* [SOURCE MATERIAL]
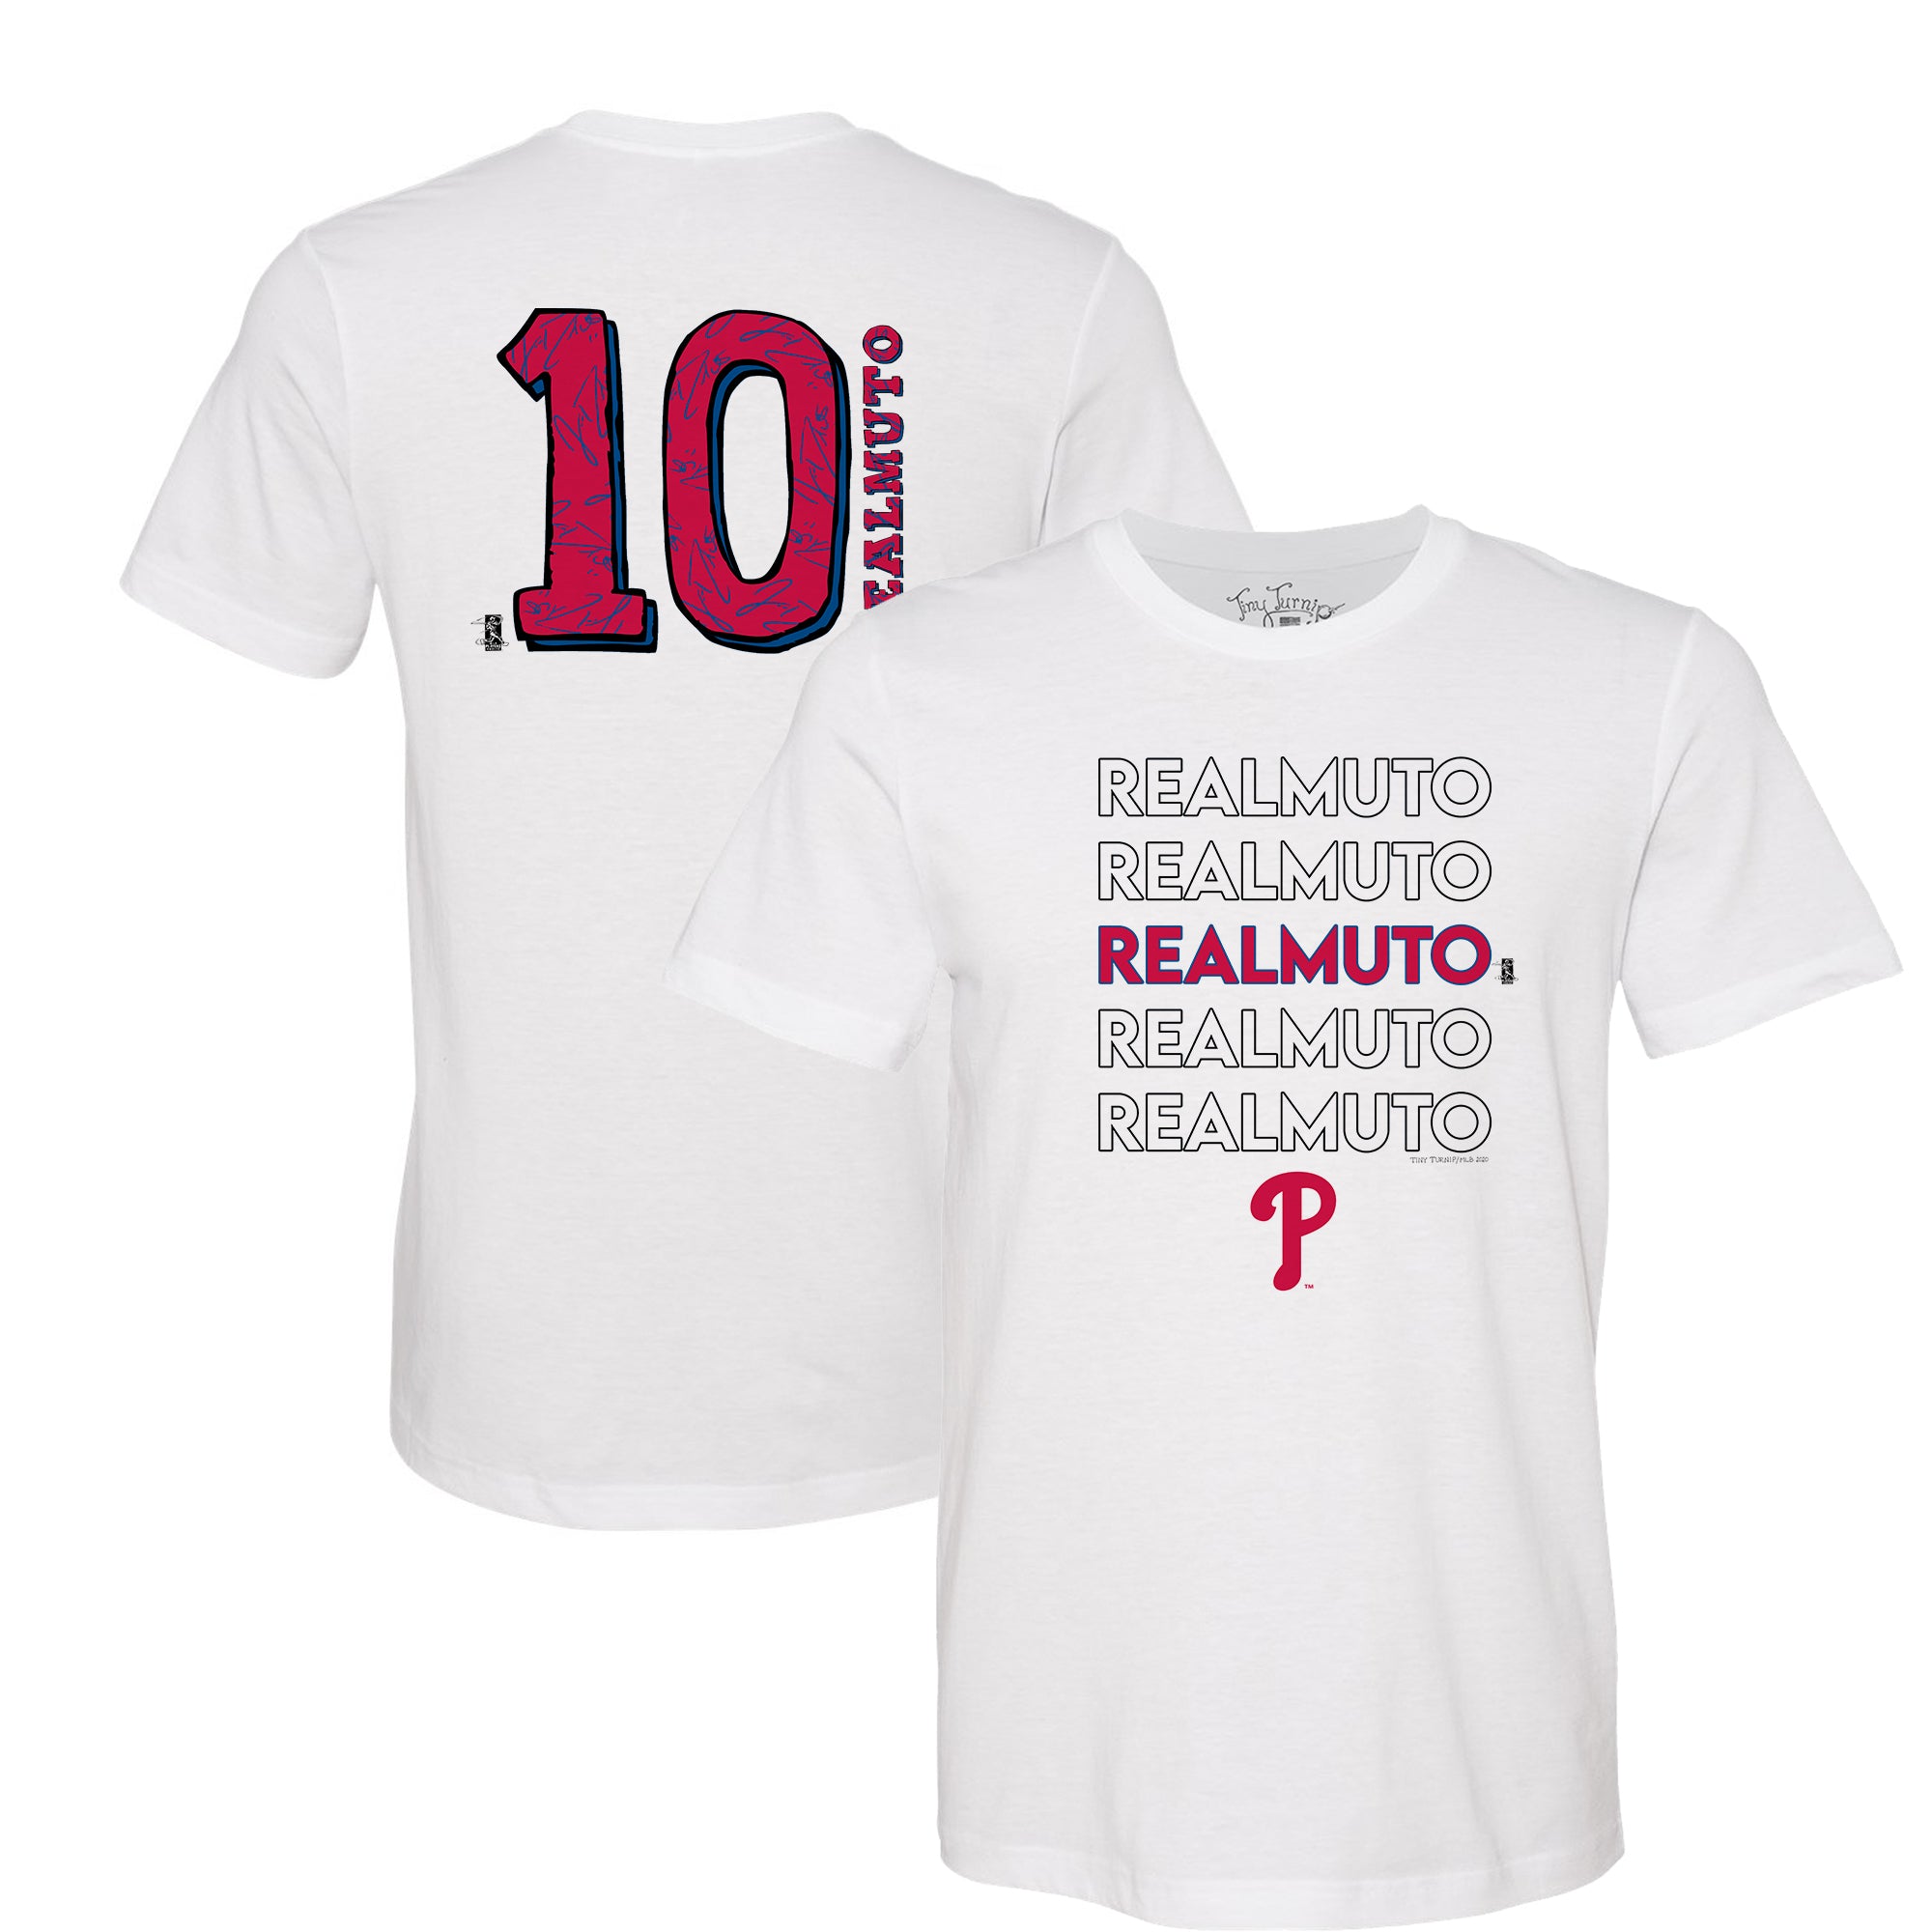 Gildan, Tops, Pink Phillies Realmuto Tshirt Size Medium
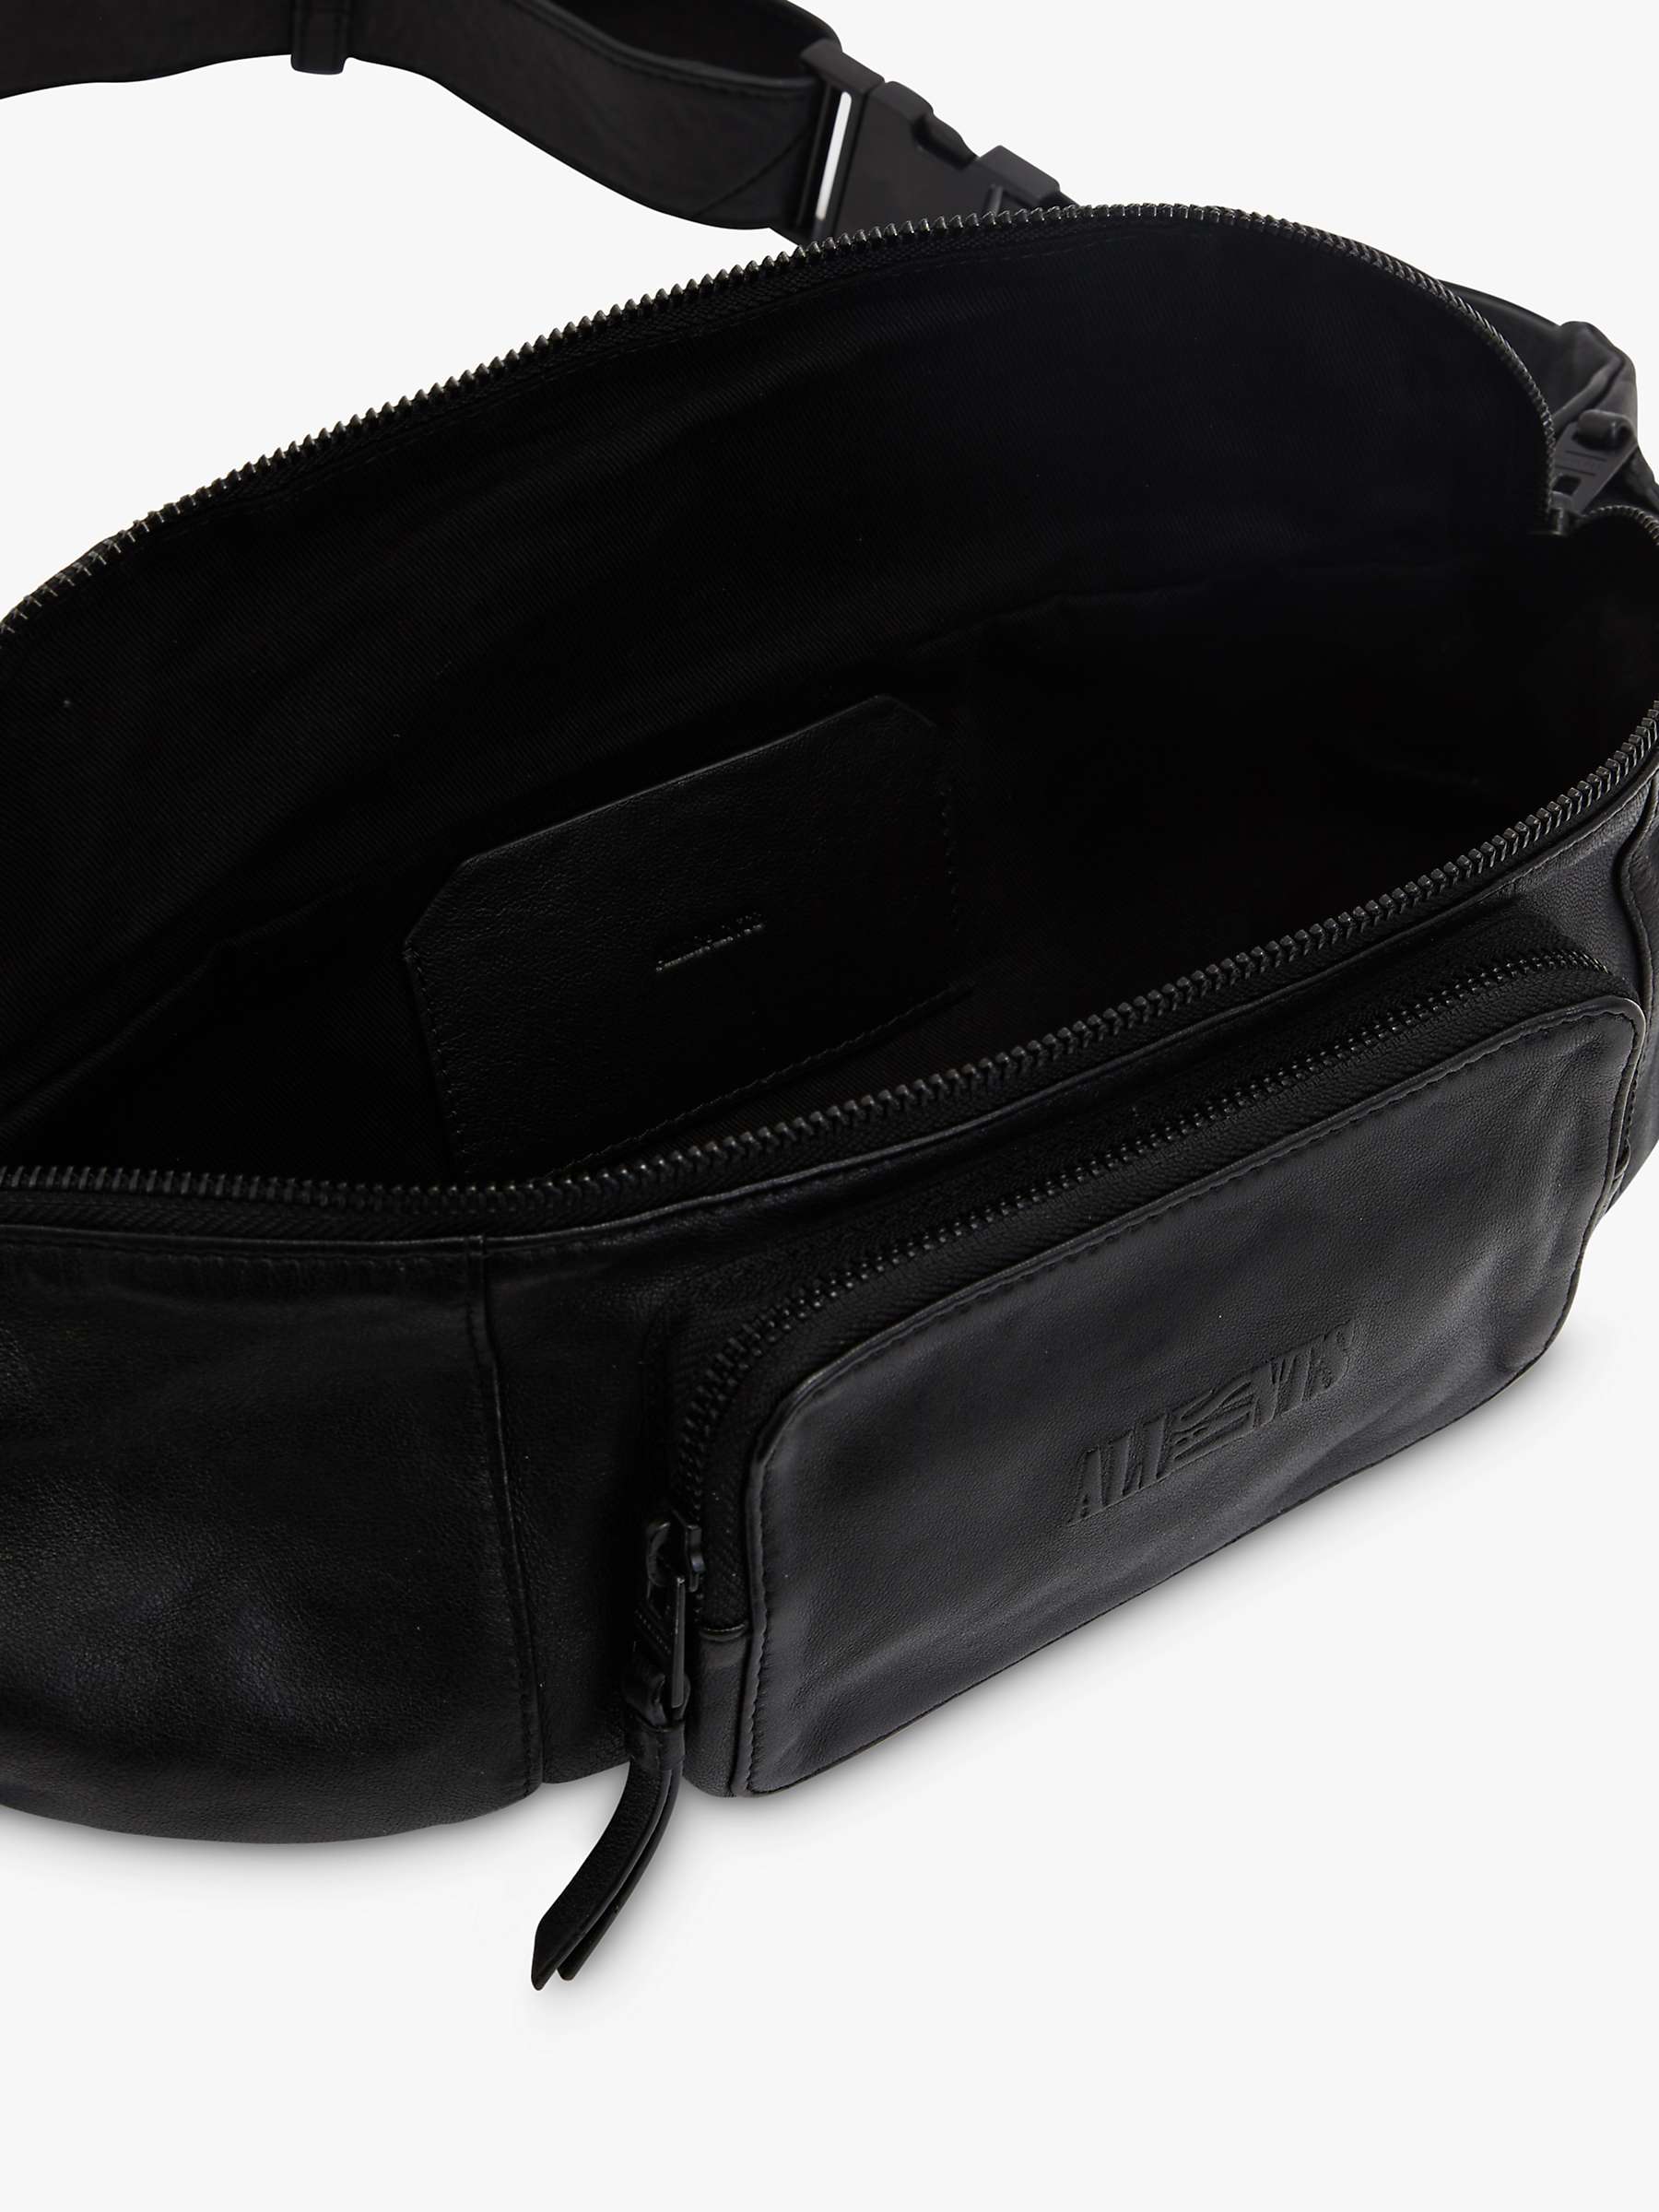 Buy Allsaints Oppose Leather Bum Bag, Black Online at johnlewis.com
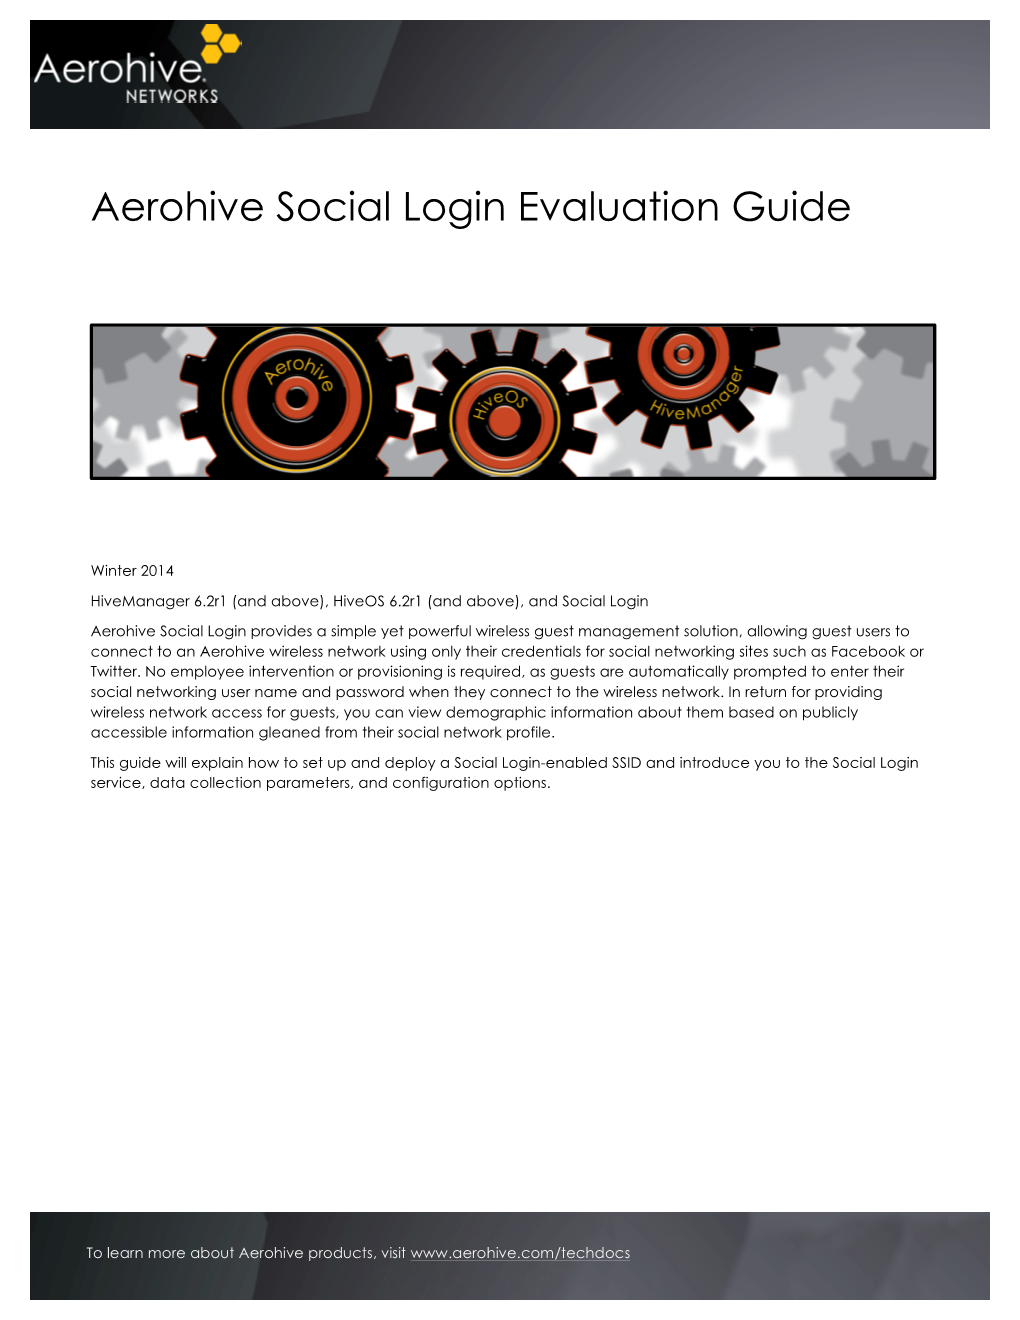 Aerohive Social Login Evaluation Guide

* [TASK DETAILS]
The listing is to be repeated word for word, with all pictures omitted.

* [YOUR RESPONSE]
 Gildan, Tops, Pink Phillies Realmuto Tshirt Size Medium
 Buy Allsaints Oppose Leather Bum Bag, Black Online at johnlewis.com
 Aerohive Social Login Evaluation Guide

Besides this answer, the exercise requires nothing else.